The most important changes are as follows:
Entities with special obligations:
- Shareholders who hold over 20% of the total number of voting rights in a joint stock company are defined as significant shareholders. Shareholders who hold over 50% of the total number of voting rights are defined as control shareholders.
- Significant and control shareholders along with the members of supervisory board and management board, representatives and procurators have special obligations towards the company.
- Entities with special obligations are required to avoid realization of self-interests (conclusion of contracts with the company in their own name or on behalf of their related parties) and avoid conflict of interests (use of company’s property, use of non-public information, use own influence in the company, etc). The company can place lawsuits against entities with special obligations that have violated above legal provisions.
- The nominal value of shares cannot be lower than BAM 1. Previously the minimum nominal value was BAM 10.
- Shareholders capital can be increased by converting the company’s debt into shares, in line with the Law on Financial Consolidation of Companies in FBiH.
- The decision on cash dividend determines the total amount of cash dividend to be distributed, dividend per share and dividend distribution deadline, which have to be equal for all the shareholders.
- The Central Securities Depository (CSD) can perform the calculation and the distribution of cash dividends as well.

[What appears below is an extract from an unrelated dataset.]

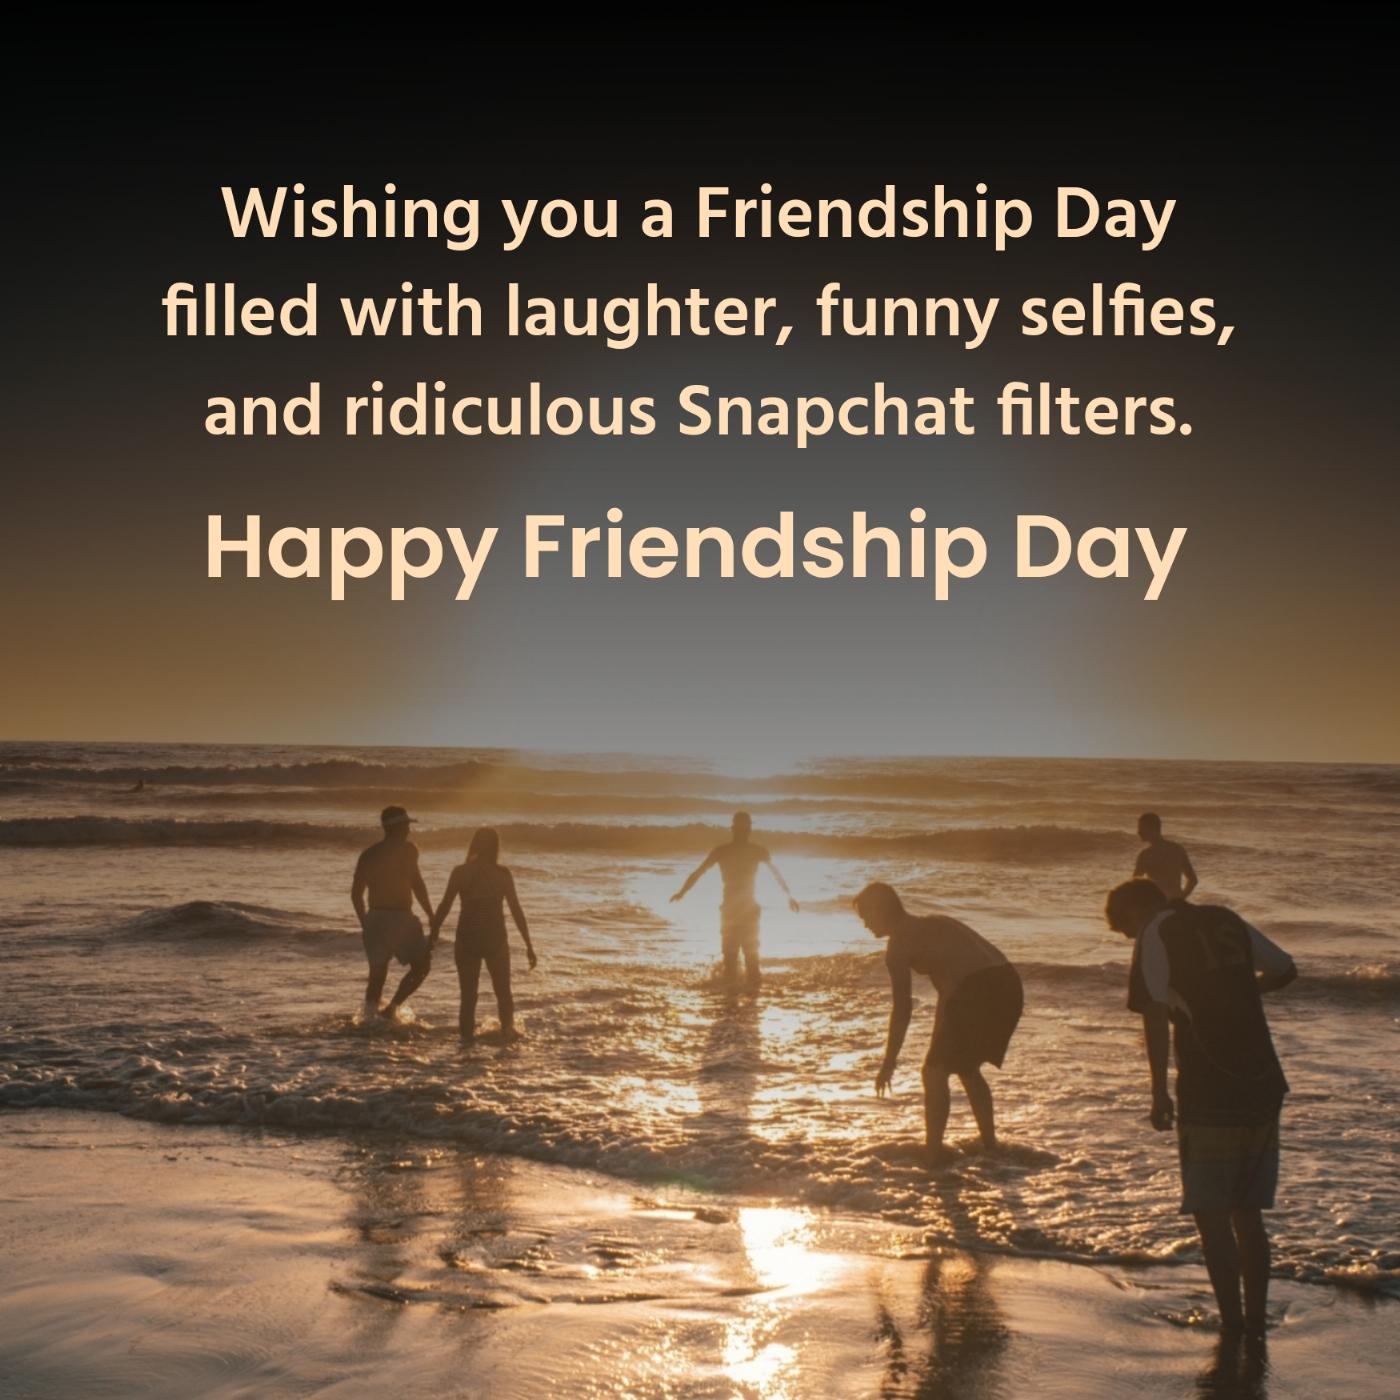 Wishing you a Friendship Day filled with laughter funny selfies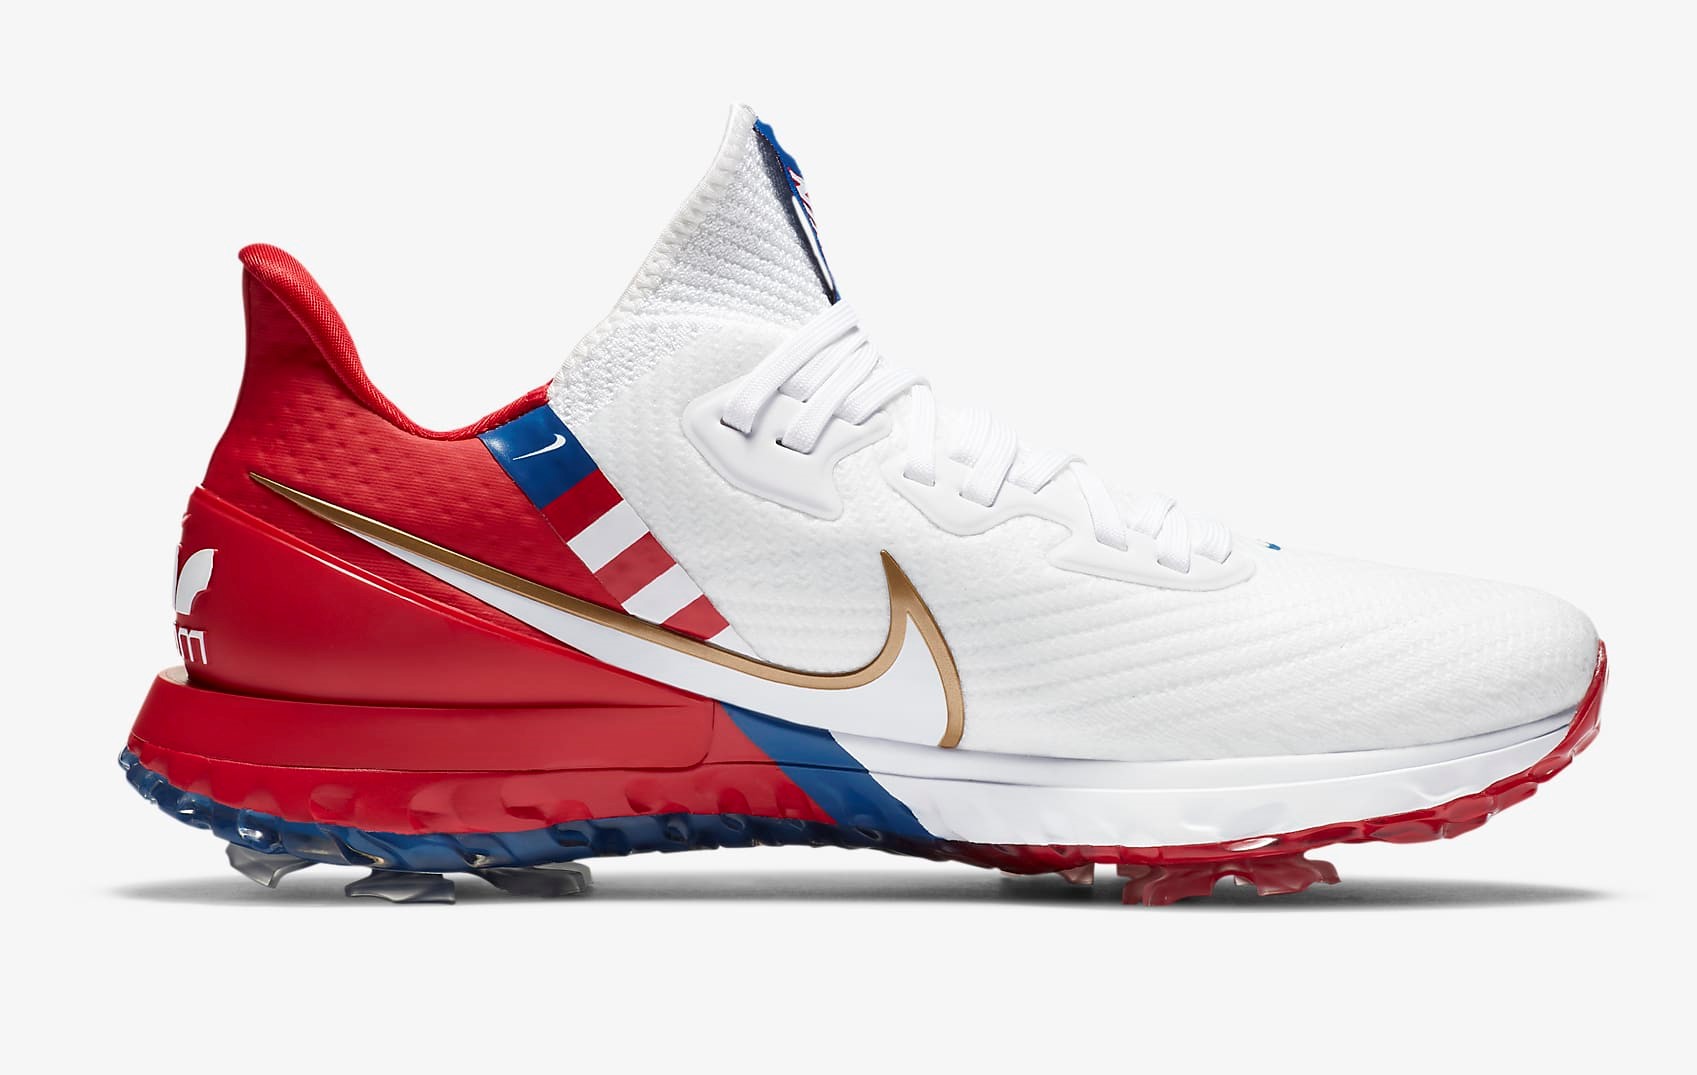 Nike Air Zoom Infinity Tour NRG golf shoes - Ryder Cup models

Shareholders meeting announcements:
- Announcement on ordinary shareholders meetings must be published in at least one newspaper widely spread in FBiH at the latest 21 days prior to the meeting. Announcement on extraordinary shareholders meeting must be published at the latest 14 days prior to the meeting. Previously, the deadline was set to 20 days prior to both ordinary and extraordinary meetings.
- Companies with only one shareholder are not required to publish the announcement.
- If the general shareholders meeting was not held due to lack of quorum, the announcement on the repeated meeting must be published within the following 3 days, and not earlier than 10 days prior to the recurring meeting.
Power of attorney:
- The power of attorney is valid for the repeated shareholders meeting and it can be issued to only one proxy.
- Corporate split-off is introduced. Total liabilities and assets of the respective company can be transferred to newly established companies or to existing companies. Shareholders of split company will obtain shares of new companies.
Impact on investors: Among others, the new Law on Companies introduces special obligations to significant and control shareholders, optional role of Payment Agent for cash dividend to CSD, changes in deadlines for general shareholders meetings announcements and corporate split-off.